Je repense à tous ces instants où elle était avec moi, où elle semblait sincère. Était-ce un masque ? Un besoin incontrôlable ? Une façon de combler un vide ?

Louis avait parlé de sa mère. "Elle est comme elle."

Mais est-ce une fatalité ? Était-elle condamnée à reproduire ce schéma ?

Un soupir m’échappe.

Et moi, que suis-je censé faire ? L’accepter ? L’oublier ? La confronter ?

Saïda s’arrête près d’un ruisseau. L’eau limpide coule doucement sur les pierres. J’observe le reflet agité de mon visage. Il est temps d’avoir une explication avec Kalia.

Je dois lui parler.

Je dois savoir.

Le retour me semble beaucoup plus long que l’aller.

Je pénètre sur la place où sont parquées les roulottes, Saïda avançant lentement sous moi.

Kalia se tient là, figée, son regard fouille le mien.

Je m’approche.

- Tu sais.

Sa voix est à peine un souffle.

- Depuis quand ?

Je ne réponds pas.

Je ne la reconnais pas.

Elle secoue la tête, fait un pas en arrière.

- Je suis une idiote. Une incapable.

Elle serre les poings, puis éclate soudainement :

- Pourquoi tu es encore là ? Tu devrais me détester. Je me déteste !

Elle tourne en rond, son souffle court.

- Ce n’est pas moi. Ce n’est pas moi, tu comprends ? J’essaie. Mais je tombe. Encore et encore.

Je reste immobile.

Elle me fixe, désespérée.

- Dis quelque chose. Dis que tu me hais.

Ses yeux brillent, implorants.

Je parle enfin, ma voix posée, mais ferme.

- Calme-toi. Explique-moi ce qui t’arrive. Viens, allons marcher.

Elle cherche ses mots.

Puis, lentement, elle me raconte ses pulsions, ses démons, l’autre qui l’habite.

- Tu ne la connais pas. Elle est démoniaque.

- Si je comprends bien il y a deux Kalia.
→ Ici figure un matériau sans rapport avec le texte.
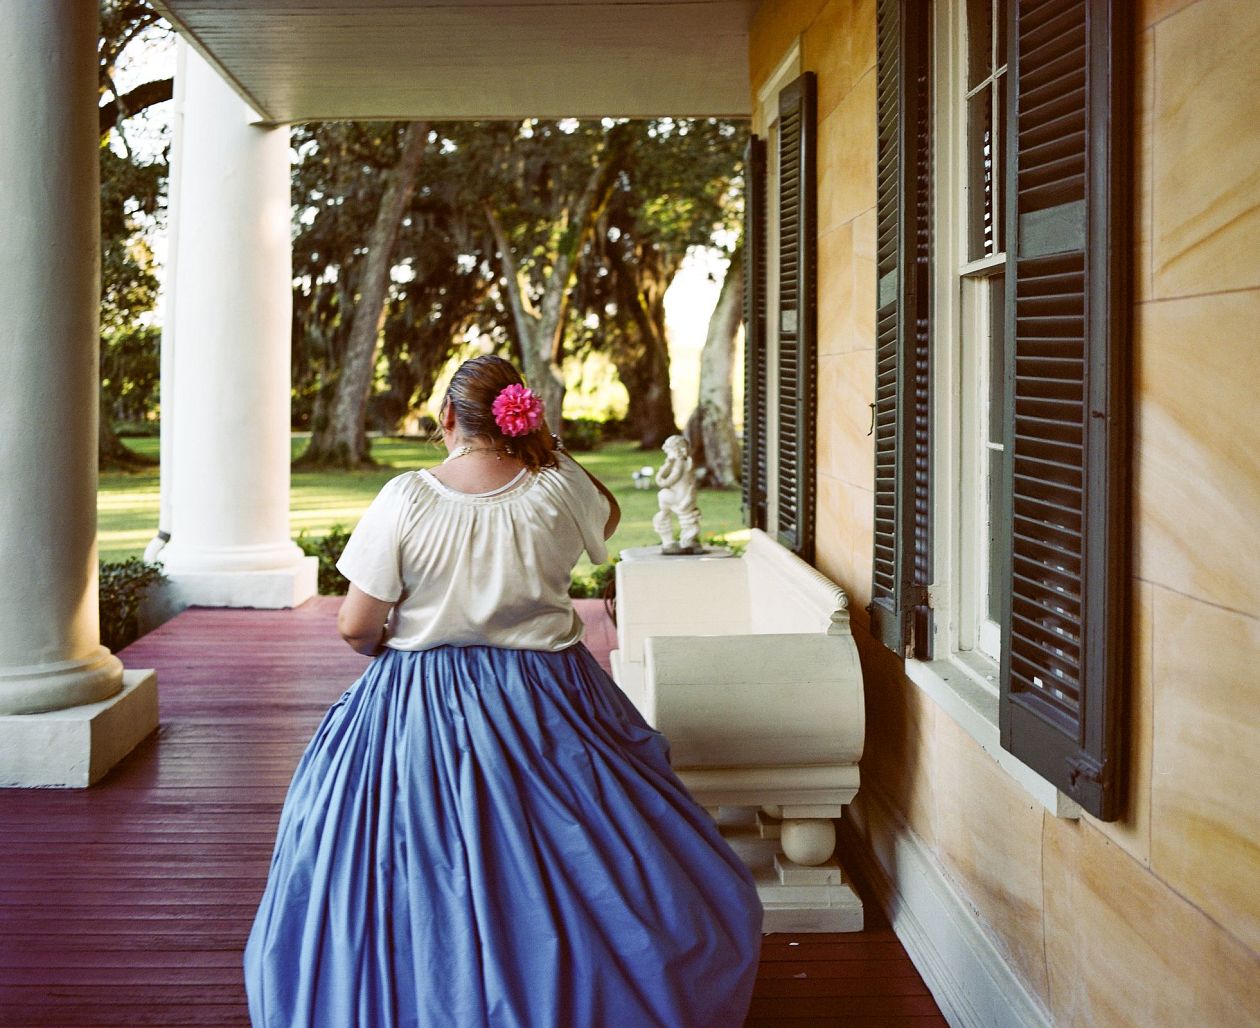 A woman in a long blue skirt and a pink headband stands on the porch of the house. Lafayette, Louisana

- Oui, c'est exactement cela.

- il y en a une qui m'aime et l'autre qui me veut du mal, comment deux personnages aussi diamétralement opposés peuvent-elles, cohabité.

Je ne sais pas.

- Maintenant, je te le promets… Je ne l’écouterai plus. Fais-moi confiance.

Un silence.

Je plonge mon regard dans le sien.

- Tout le monde a droit à une nouvelle chance.

Soudain, Kalia m’embrasse avec fougue.

- Tu es un amour. Je t’adore.

Malgré ce baiser, le doute subsiste, en est elle capable ?

Je lui rends son élan, sans trop m’abandonner. Je choisis de lui laisser sa chance.

Je la serre contre moi, j’écoute encore les échos de ses aveux. Rien n’est vraiment vrai, la complexité de cette fille est fascinante. Le déni de la dualité me laisse penser à un traumatisme profond, mais je suis là.

Serai-je à la hauteur. Je ferme les yeux un instant. Peut-être que la confiance commence toujours ainsi non pas avec des certitudes, mais avec un doute qu’on choisit d’accueillir.